Task item: In the listing below, start your output at the line with "Model kostry chodidla a kotníku" and end it after the line with "ORCHARD Lampe sur", copying every line exactly.

Data excerpts:
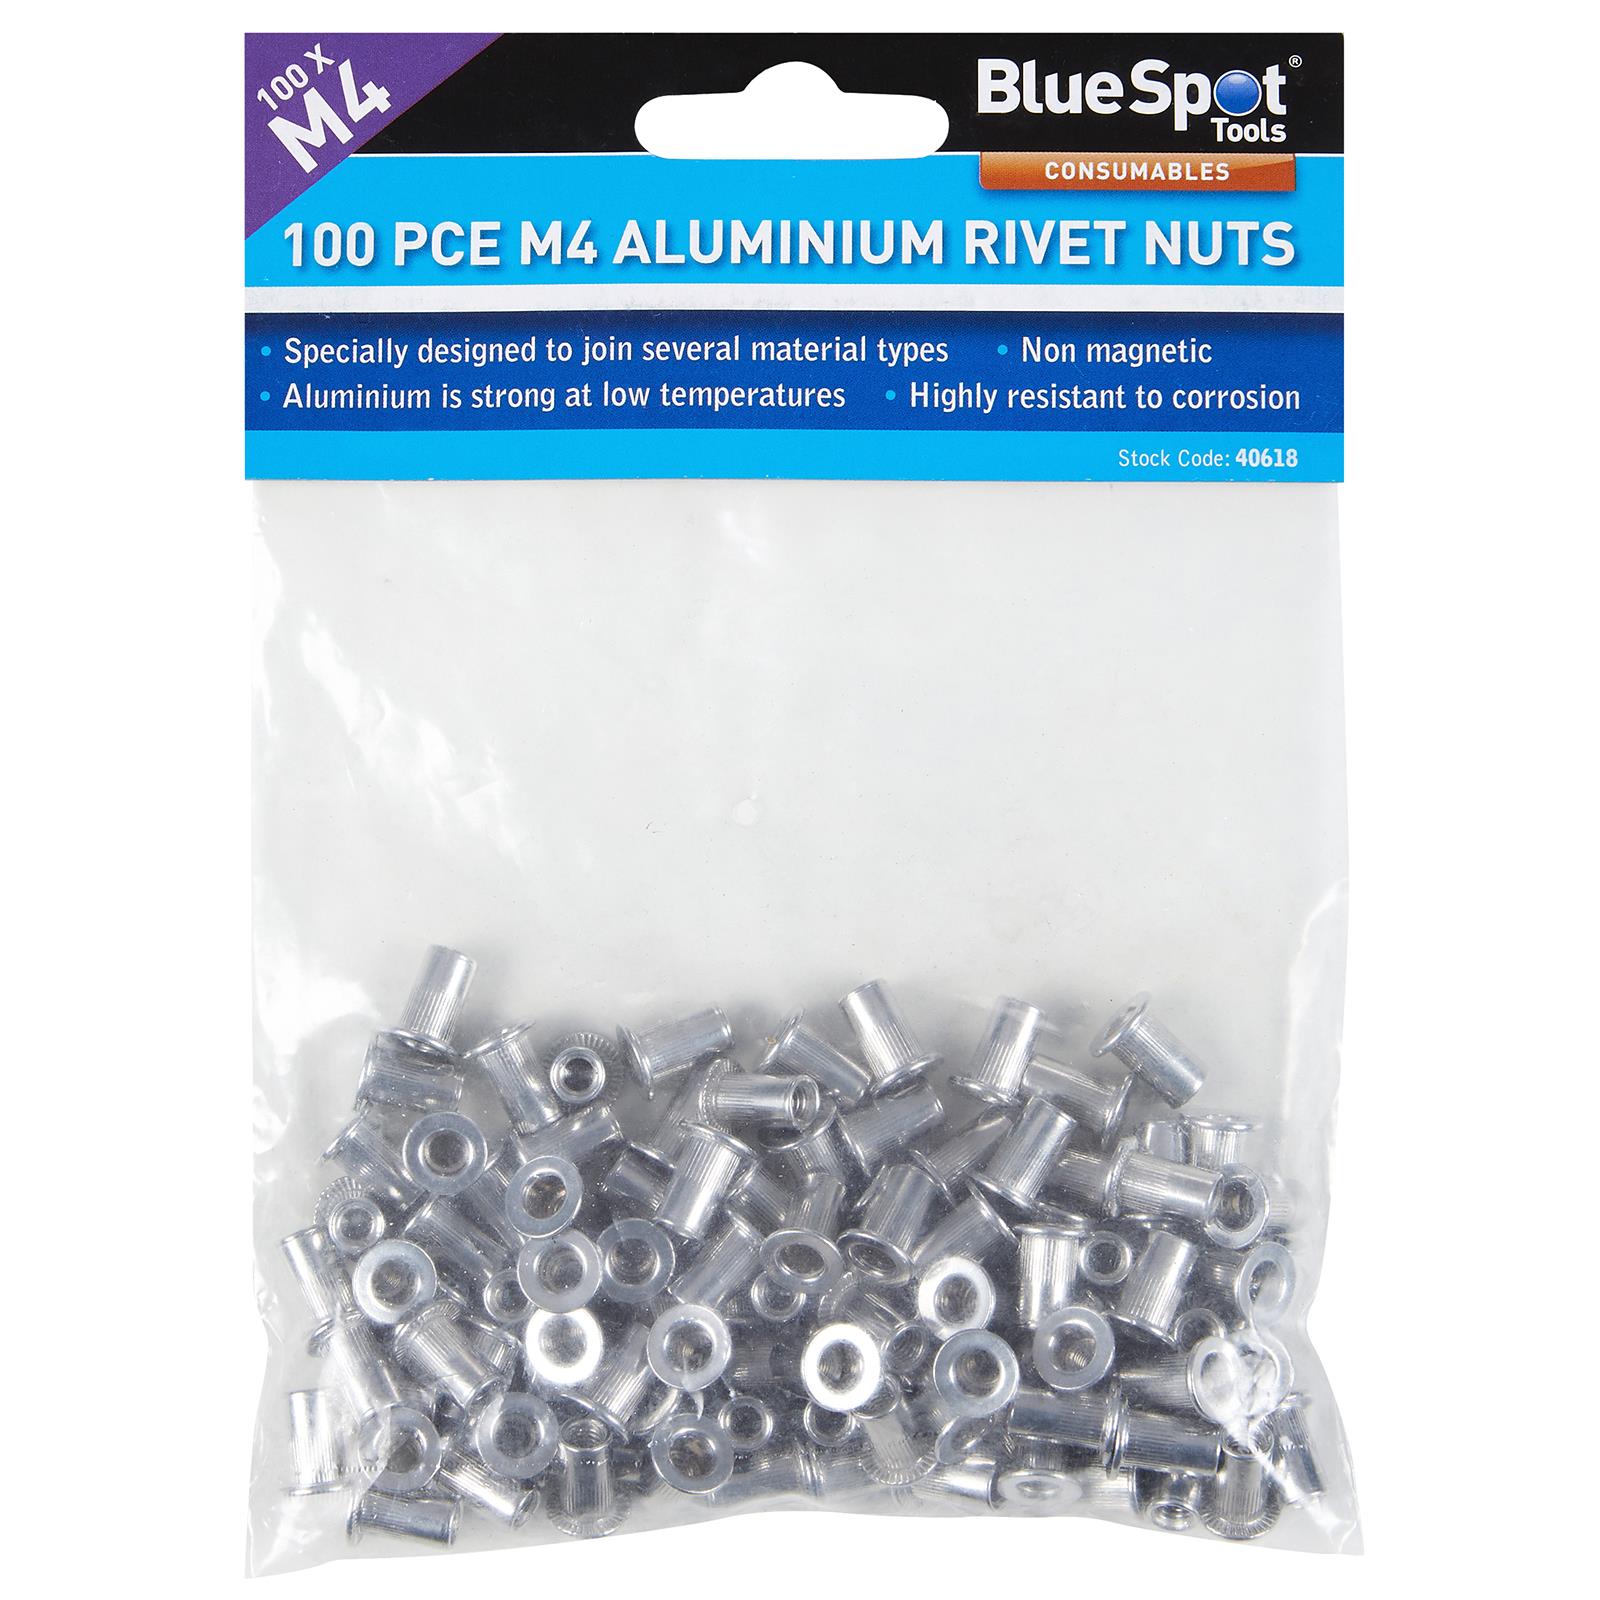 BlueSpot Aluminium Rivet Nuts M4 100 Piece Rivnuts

---

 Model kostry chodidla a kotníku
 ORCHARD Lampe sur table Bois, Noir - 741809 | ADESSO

Answer for the task:
 Model kostry chodidla a kotníku
 ORCHARD Lampe sur table Bois, Noir - 741809 | ADESSO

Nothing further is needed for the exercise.